# JUST PURCHASED 02 NISSAN MAXIMA



## ericsrmd (Feb 26, 2011)

I RECENTLY PURCHASED A 2002 MAXIMA AND WAS WONDERING WITH 138,000 MILES. WHAT ARE SOME THINGS THAT I SHOULD CHECK OR HAVE CHECKED/CHANGED ON THIS CAR. I REALLY DONT HAVE MUCH INFORMATION FROM THE PREVIOUS OWNER HOWEVER THE CAR RUNS GREAT. GENERAL WHEN I BUY CARS I LIKE TO HAVE SOME SORT OF SERVICE RECORD BUT WAS UBABLE WITH THIS PURCHASE. SHOULD I HAVE THE CAR SERVICED WITH THE DEALER OR JUST RIDE UNTIL SOMETHING FAILS. PLEASE HELP. I WANT THE CAR TO LAST FOR A WHILE. ALSO THE CAR HAS AN INJEN COLD AIR INTAKE ON IT. (WHATEVER THAT IS) LOL!!!!


----------



## smj999smj (Jan 1, 2006)

The cold air intake replaces the stock air cleaner assy. from the factory to reduce intake restriction and create more horsepower...allegedly. Stock air cleaner boxes are more than efficient for most drivers. For continued, high RPM driving, the aftermarket intakes and air filters will typically show power gains over the factory stock system. For those aftermarket systems that use oil-coated cloth air filters, oil contamination of the mass air sensor's hotwire can be an issue. Also, many let more dirt into the engine compared to stock filters. 

The 2002-2003 Maximas were the last built in Japan, which is a good thing for you. Their 3.5L VQ's don't appear to have the upper timing chain tensioner problems of their US built variants. Being at the end of that model series, most of the "bugs" had been worked out of it. Other than some issues with brake rotor pulsation, I don't recall any major issues on the 02-03's. 

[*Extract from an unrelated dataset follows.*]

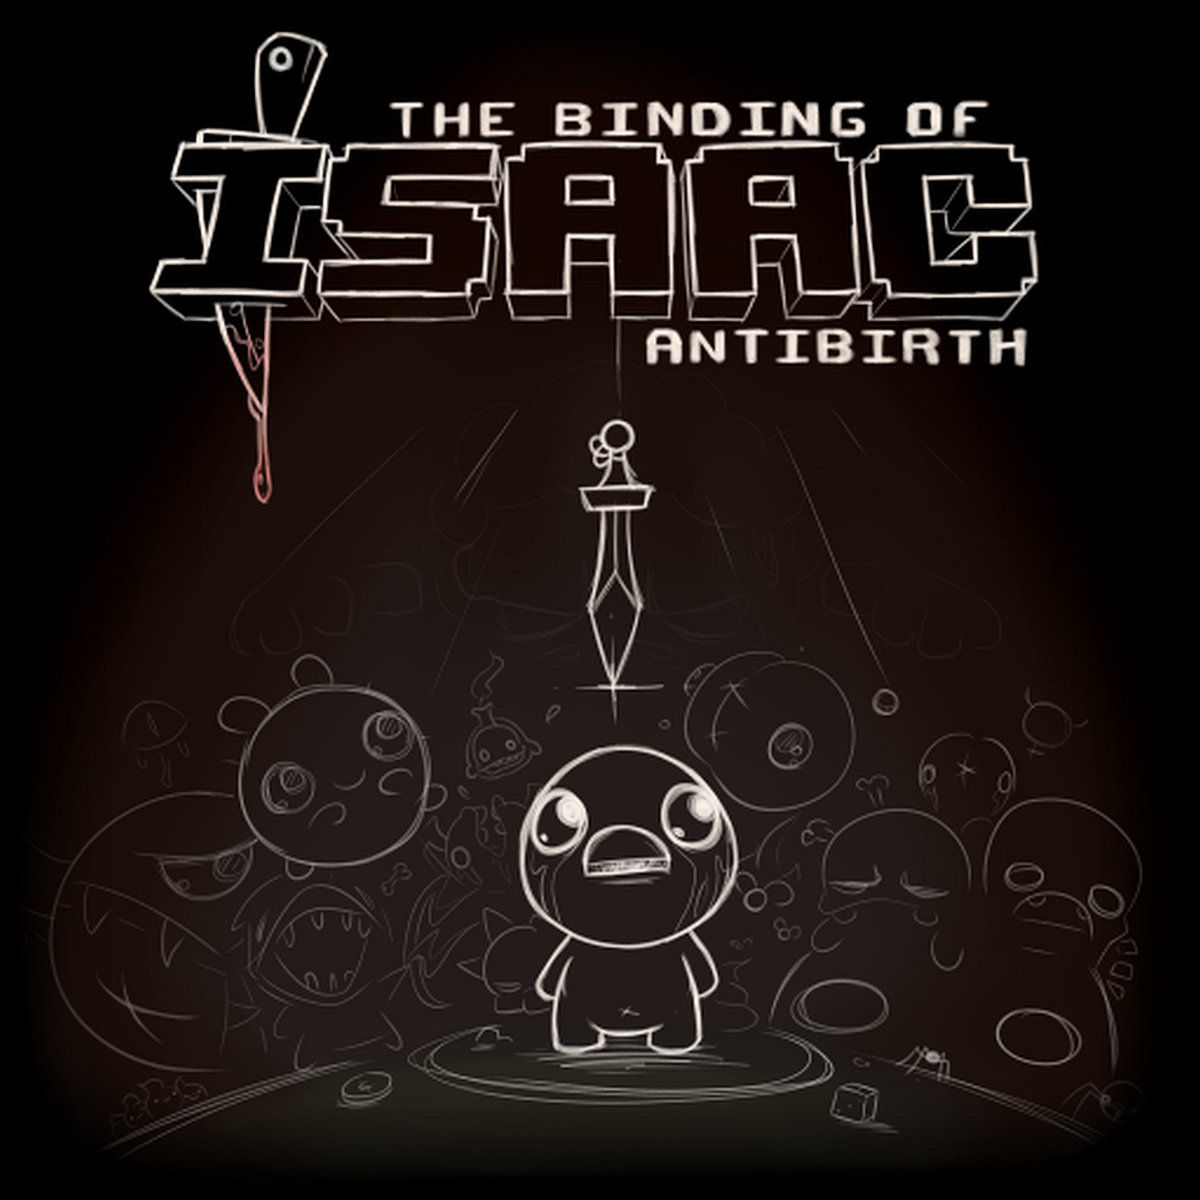 The Binding of Isaac: Antibirth - Intro

Maintenance is routine. Follow the manufacturer's service schedule for your mileage, listed in the owner's manual, and you'll be fine. You may want to have it checked over for any existing problems by a shop you trust being that you just purchased it. Also, you are best to stick with genuine Nissan or OEM parts, such as NGK spark plugs, Bando or Nissan drive belts, etc. If you have an auto trans, stick with Nissan Type "D" ATF or and aftermarket ATF that is specifically Dexron II compatable, like Valvoline's MaxLife ATF. Dexron III/Mercon has a thicker viscosity and tends to cause valve sticking in the valve body. While the VQ35DE will run on regular fuel, I believe premium is recommended and you may experience better performance with it.


----------



## Jeff (Oct 17, 2002)

Really there are no 'major' issues. I can only think of 2 that most complain about.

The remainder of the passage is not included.